Il doit être ajouté que les causes du prêt, constituées d’échéances mensuelles, compte tenu du taux d’intérêts variable stipulé, d’environ 1140 euros, ont été réglées pendant quatre années et que les difficultés ultérieures de gestion du bien mis en location au moyen d’un contrat liant l’emprunteur à une société de gestion ensuite placée en liquidation judiciaire dont se plaint M. [D] et qui expliquent sa défaillance sont sans lien avec l’octroi du prêt lui-même et ne sont pas imputables à la banque.
S’agissant de la somme réclamée par la banque objet de la condamnation prononcée par le tribunal, s’il est exact que l’autorité de la chose jugée par le juge de l’exécution qui a fixé la créance arrêtée à la date de la délivrance du commandement de payer aux fins de saisie vente soit le 24 décembre 2015 ne prive pas M. [D] de la faculté d’invoquer des paiements ou causes ultérieures de diminution de la dette, il ne peut qu’être constaté qu’il n’apporte aucune preuve en ce sens de sorte que le jugement doit être confirmé.

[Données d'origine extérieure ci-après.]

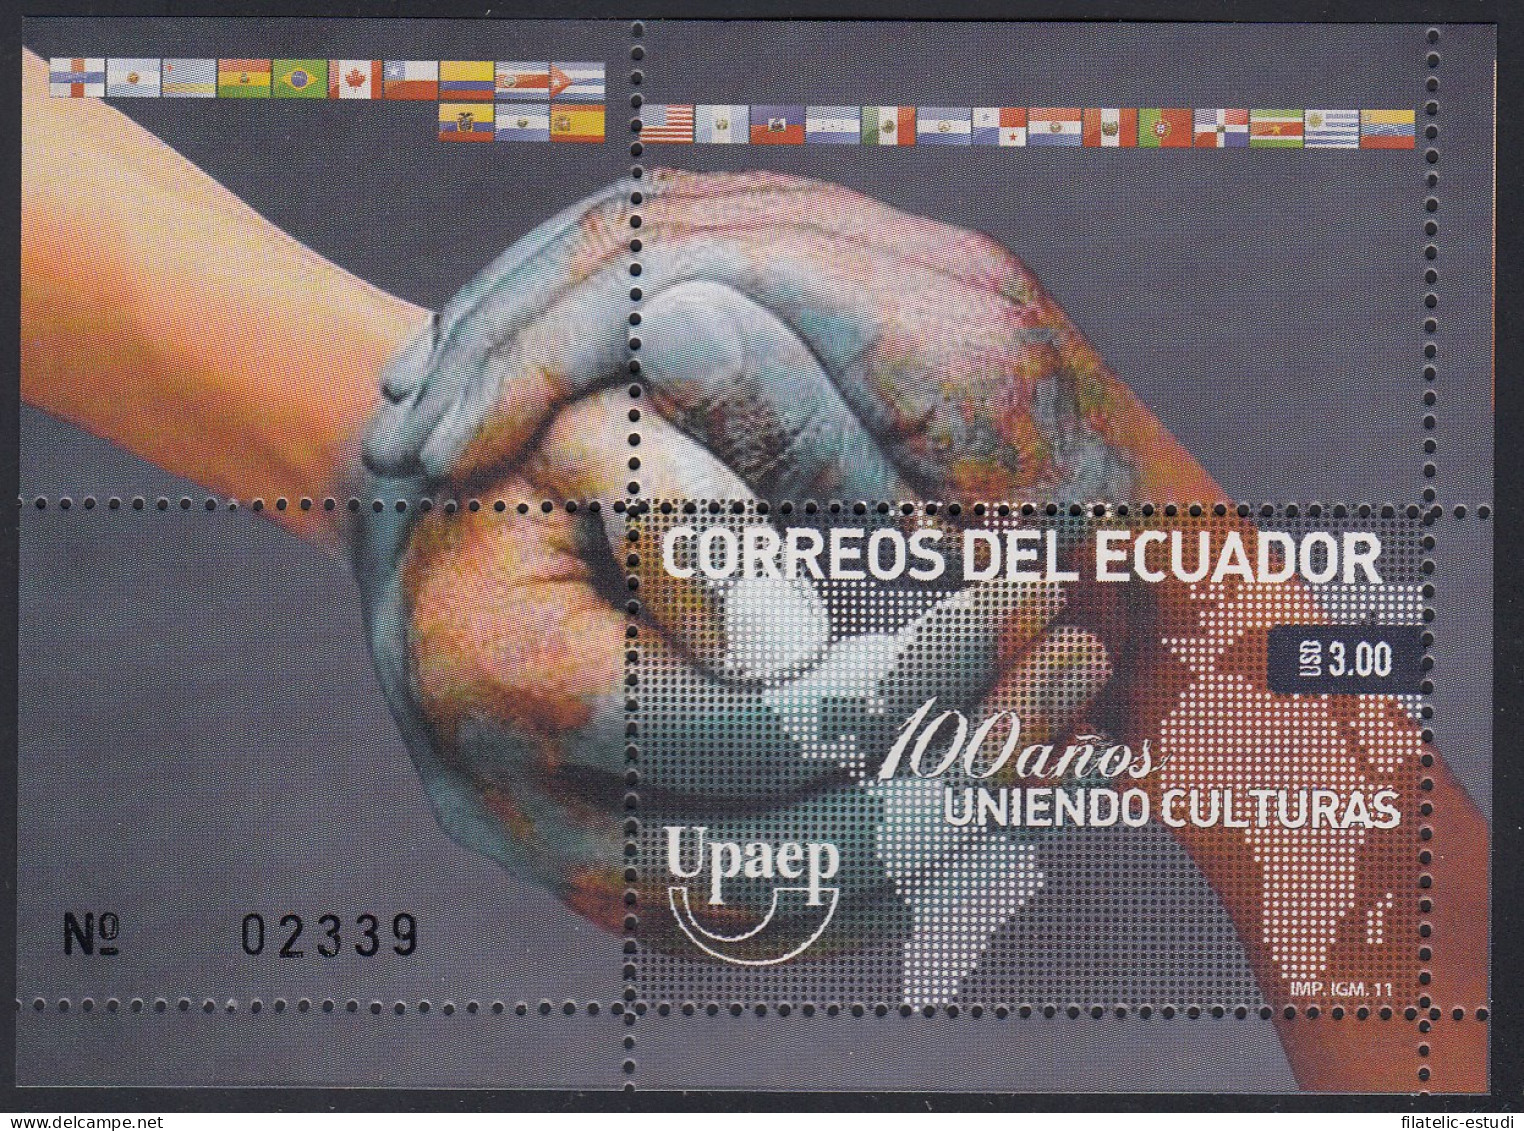 Upaep Ecuador HB 157 2011 100 Años Uniendo Culturas MNH - Sonstige - Amerika

En conséquence de tout ce qui précède, il y a lieu de réformer partiellement le jugement en déclarant irrecevable la demande de M. [D] tendant à la nullité du contrat de prêt et de la confirmer pour l’entier surplus et, y ajoutant, de condamner M. [I] [D] aux dépens d’appel ainsi qu’à payer à la société CIFD une somme que l’équité commande de limiter à 1 500 euros en application de l’article 700 du code de procédure civile.
PAR CES MOTIFS
RÉFORME le jugement entrepris en ce qu’il a déclaré recevable et a débouté M. [I] [D] de sa demande tendant à la nullité du contrat de prêt et, statuant à nouveau de ce chef, la DÉCLARE irrecevable ;
CONFIRME, pour le surplus, le jugement en toutes ses dispositions ;
Y ajoutant
CONDAMNE M. [I] [D] à payer à la société Crédit Immobilier de France Développement venant aux droits de la société Banque Patrimoine Immobilier la somme de 1 500 euros en application de l’article 700 du code de procédure civile ;
CONDAMNE M. [I] [D] aux dépens de la présente instance.